Two 、Auth User information management

Official website reference address ：https://docs.djangoproject.com/zh-hans/3.2/topics/auth/default/#user-objects

2.1 Create user

• Create a normal user

from django.contrib.auth.models import User
# Only usename Are mandatory , Don't fill in the rest 
# Create ordinary users with clear text passwords 
User.objects.create(username="AA",password="123")
# Create password as pass Django Internal automatic encryption password for ordinary users 
User.objects.create_user(username="AA",password="123")

• Create a superuser

from django.contrib.auth.models import User
# Only usename Are mandatory , Don't fill in the rest 
User.objects.create_superuser(username="AA",password="123")

2.2 Delete user

It is recommended to use ： Pseudo delete , the is_active It is amended as follows False

from django.contrib.auth.models import User
try:
user = User.objects.get(username = " user name ")
user.is_ active = False
user.save()
print(" Delete user succeeded ")
except:
print(" Failed to delete user , Or the user does not exist ")

Be careful ： Unavailable update To update ,User Out-of-service .

user = User.objects.get(username = " user name ")
user.update(is_active=True)
""" Traceback (most recent call last): File "<input>", line 1, in <module> AttributeError: 'User' object has no attribute 'update' """

2.3 Password management

• Change Password

>>> from django.contrib.auth.models import User
>>> u = User.objects.get(username='john')
>>> u.set_password('new password')
>>> u.save()

from django.contrib.auth.models import User
try:
user = User.objects.get(username=" user name ")
user.set_password(" Plaintext password ")
user.save()
return HttpResponse(" Password changed successfully ")
except:
return HttpResponse(" Failed to change password ")

• Verify that the password is correct

u = User.objects.get(username='aa')
u.check_password('my password')

3、 ... and 、Auth Login verification

3.1 authenticate Login verification

from django.contrib.auth import authenticate
user = authenticate(username = username,password=password)

explain ： If the user name and password are verified successfully, the corresponding user object , Otherwise return to None.

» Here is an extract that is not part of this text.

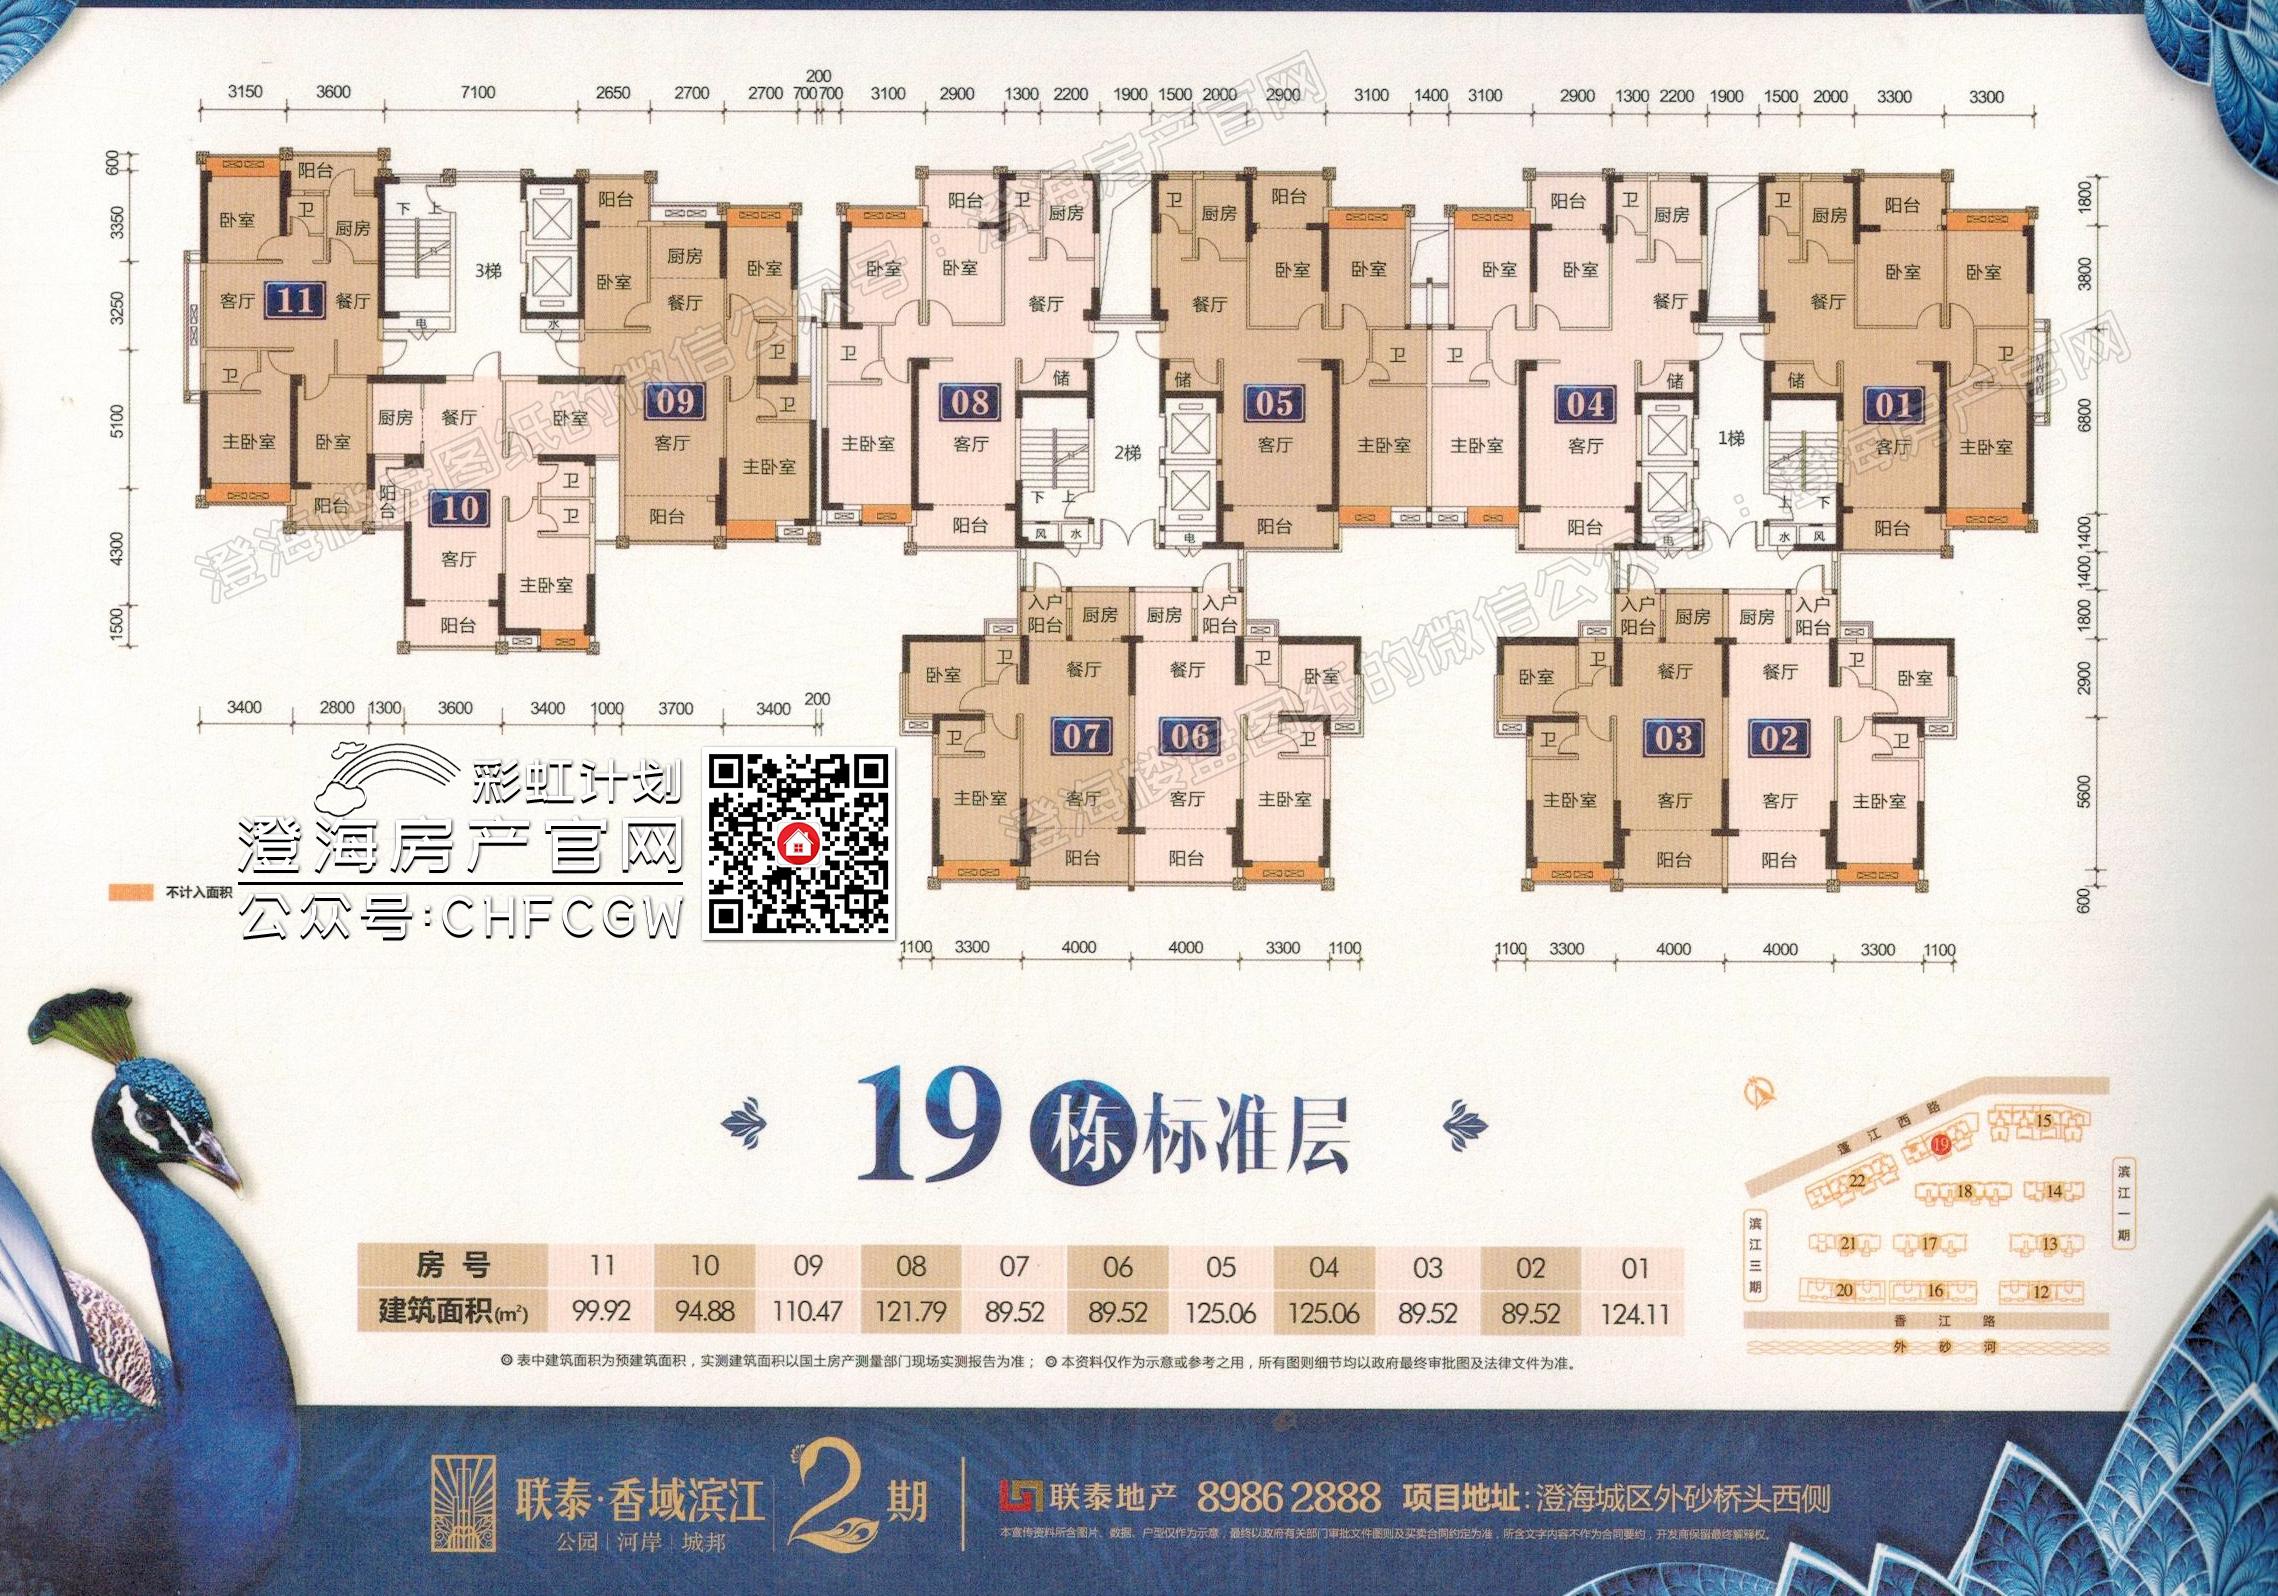 香域滨江二期高清户型图插图9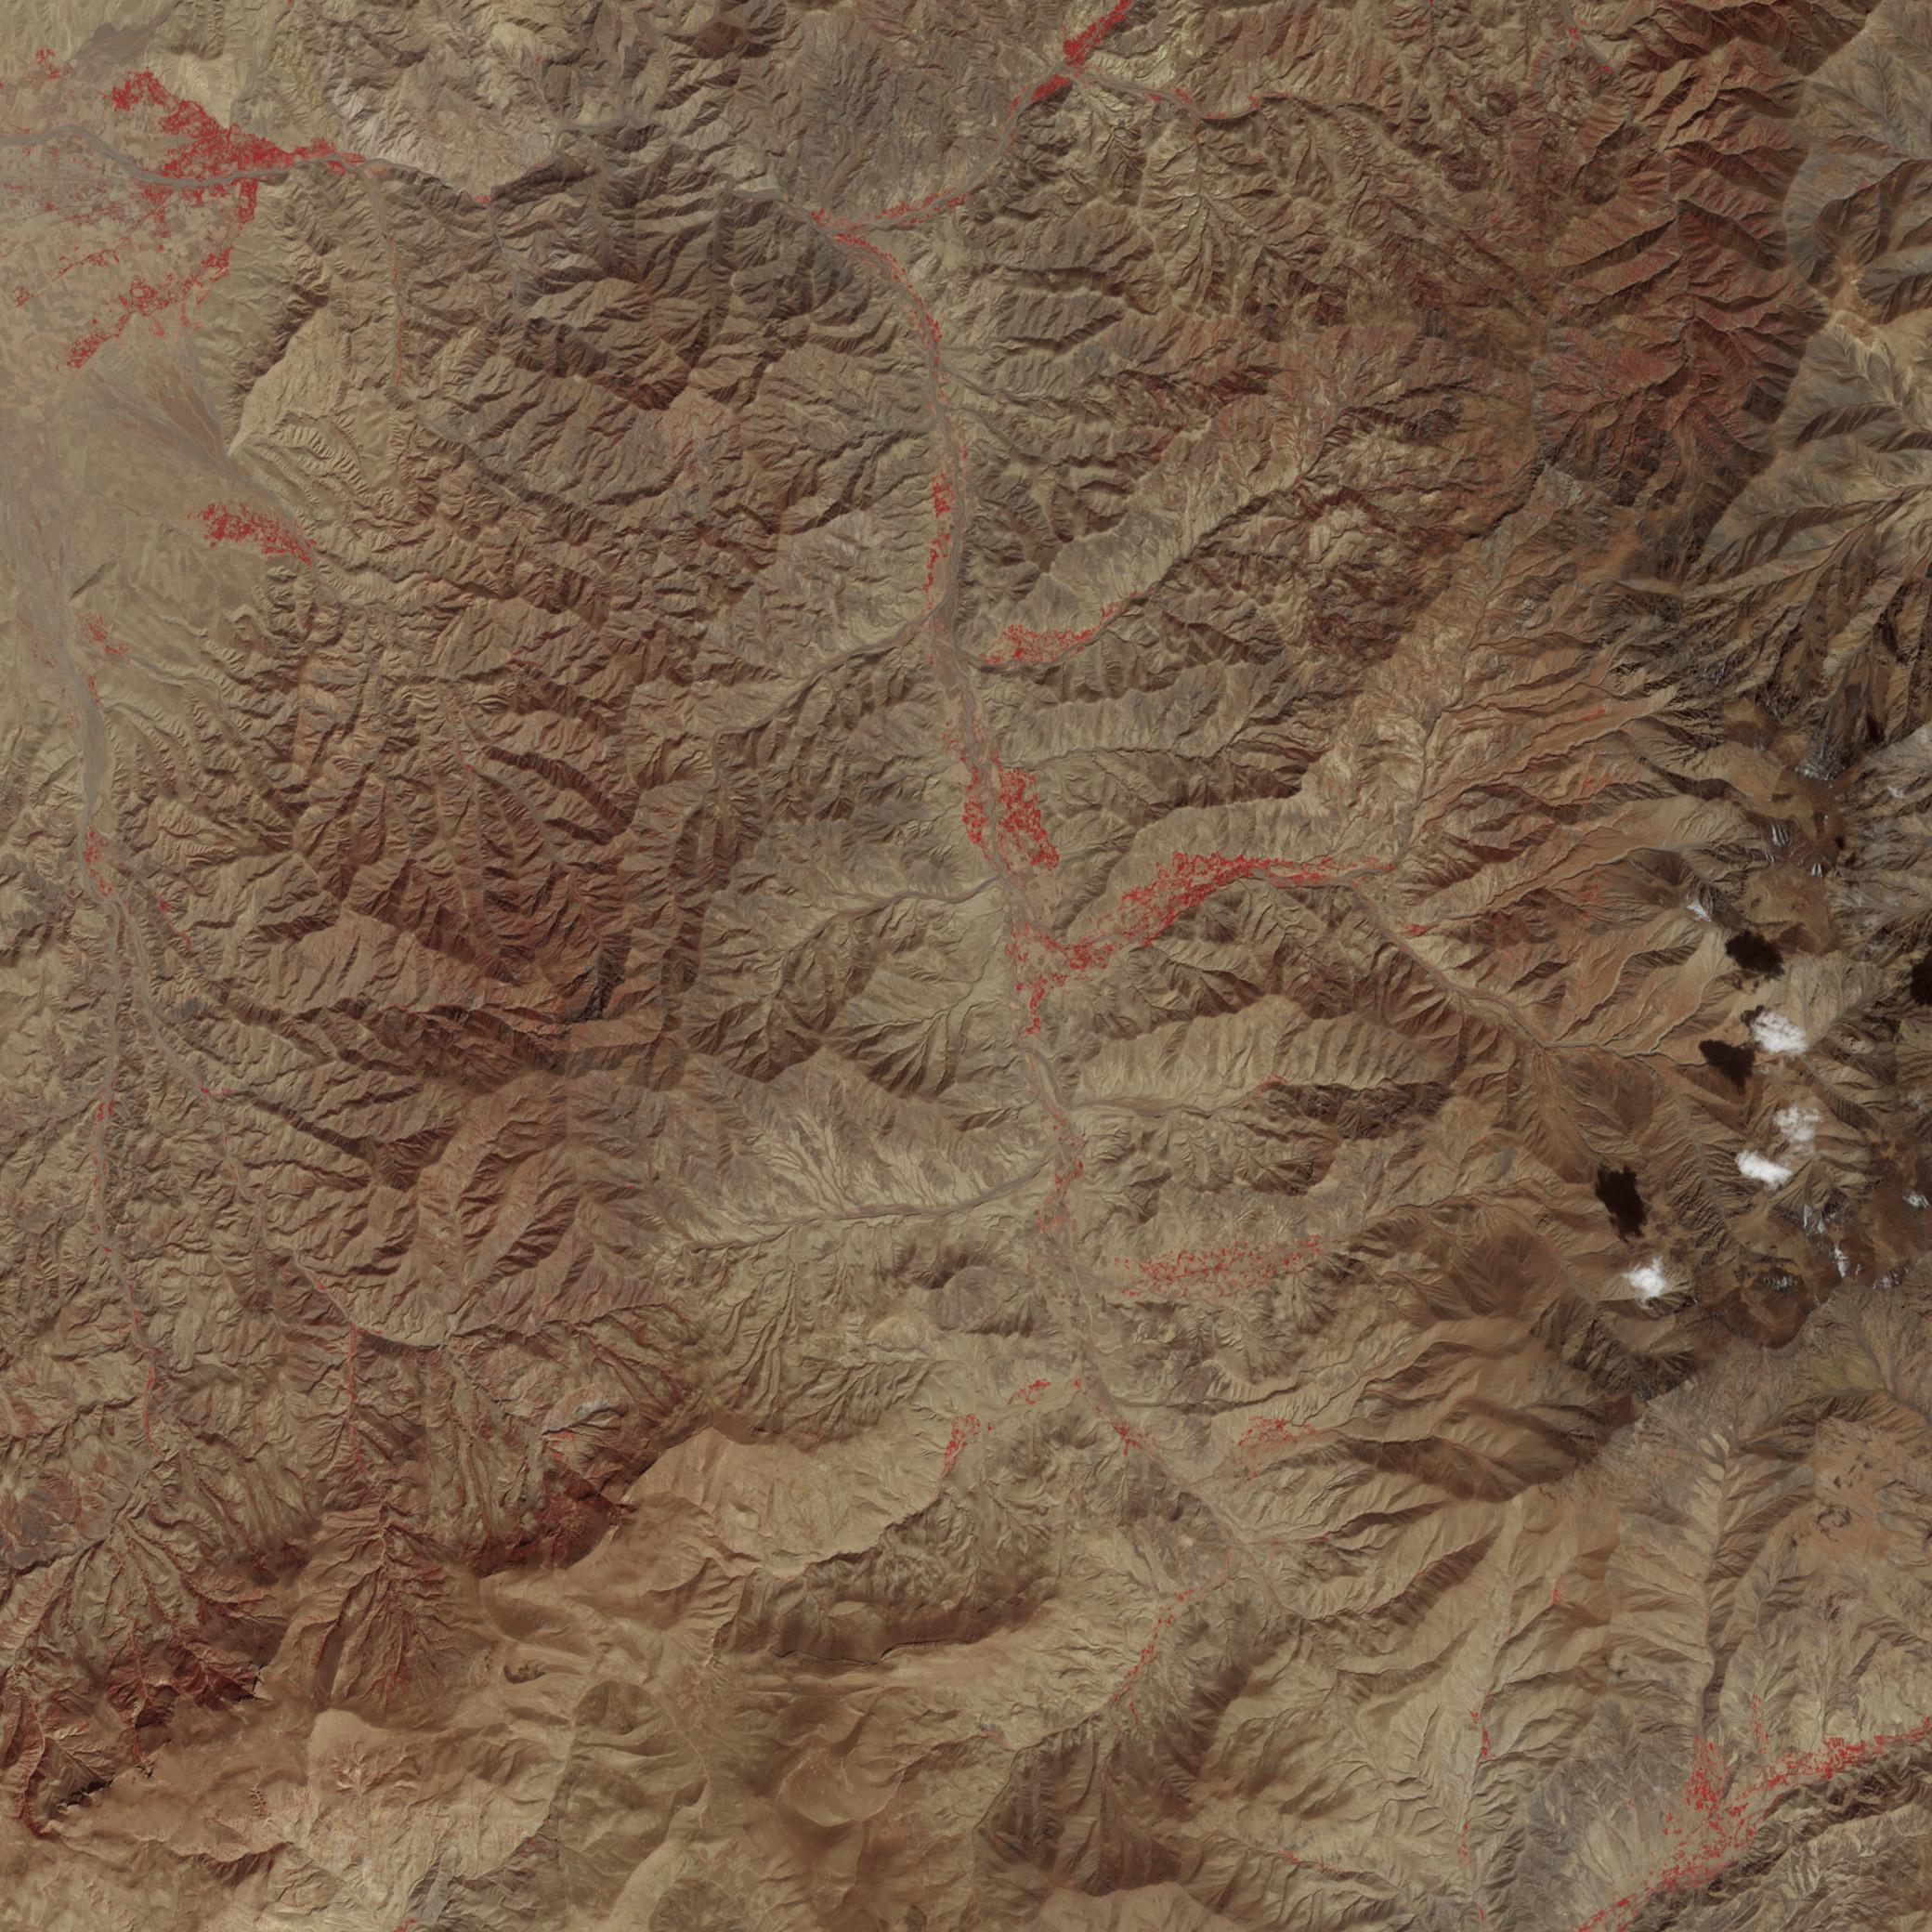 Terremoto en Hindu Kush, Afganistán 25 de marzo de 2002

from django.contrib.auth import authenticate
user = authenticate(username="AA",password="123")
# Output correctly 
user
<User: AA>

3.2 Auth Login status remains

from django.contrib.auth import login
from django.contrib.auth import authenticate
def login_view(request):
...
# Check first 
user = authenticate(username=" user name ",password=" password ")
...
# If the verification is successful, the login status will be maintained 
login(request,user) # If the user passes the inspection , You can call this to maintain the login status 

notes ： The way of preservation is session, And the time cannot be controlled , When session When does it expire , Then when to disconnect .

3.3 Auth Login status verification

Same as before , use django With login status verification decorator , Verify the login status . Which view needs , Just before which view .

• If you are not logged in, you need to jump to the address , Need to be in settings.LOGIN_URL Set in

import django.contrib.auth.decorators import login_required
@login_required # Log in and return to the following view , Otherwise, go to the login page 
def index_view(request):
# This view can only be accessed when the user is logged in 
# The current logged in user passes request.user obtain 
login_user = request.user
...

3.3 Auth Login status cancelled

from django.contrib.auth import logout
def logout(request):
logout(request)
# Request to come , And then session Empty , To cancel login 

Four 、 be based on Auth Realize login and registration

• Referenced related libraries

# The user model 
from django.contrib.auth.models import User
# Decorator for login status verification 
from django.contrib.auth.decorators import login_required
# Log in status 、 Exit login status 、 Verification of login user information 
from django.contrib.auth import login,logout,authenticate

• register

def reg_view(request):
# register 
if request.method == "GET":
return render(request,"reg_view")
elif request.method == 'POST':
username = request.POST.get("user")
pwd1 = request.POST.get("pwd1")
pwd2 = request.POST.get("pwd2")
if not User.objects.filter(uesename=username):
if pwd1 == pwd2:
# Here you can. try once , Because the user name is unique , There may be SQL Uniqueness exception error 
user = User.objects.create_user(username=username,password=pwd1)
else:
return HttpResponse(" Password inconsistency , Please re-enter ")
else:
return HttpResponse(" The user name is registered , Please re-enter ")
# # Login free after user registration 
# login(request,user)
# return HttpResponseRedirect("/index")
return HttpResponseRedirect("/login")

• Sign in

def login(request):
if request.method == "GET":
return render(request,"login.html")
elif request.method == "POST":
username = request.POST.get("username")
password = request.POST.get("password")
user = authenticate(username=username,password=password)
if not user:
# Wrong user name or password 
return HttpResponse(" Wrong user name or password ")
else:
# Check success 
# Record session login status 
login(request,user)
return HttpResponseRedirect("/index")

• sign out

def logout(request):
logout(request)
return HttpResponseRedirect("/login")

• home page

# Pages that require login status verification to access 
@login_required()
def index_view(request):
# home page , You have to log in to access , Log in and jump to settings.LOGIN_URL Set up 
# Get the current login user name 
user = request.user
return render(request,"index.html")

5、 ... and 、 Expand Django The user model in

When we want to use fields such as mobile number , Found insufficient user fields , At this time, we need to find a way to add fields .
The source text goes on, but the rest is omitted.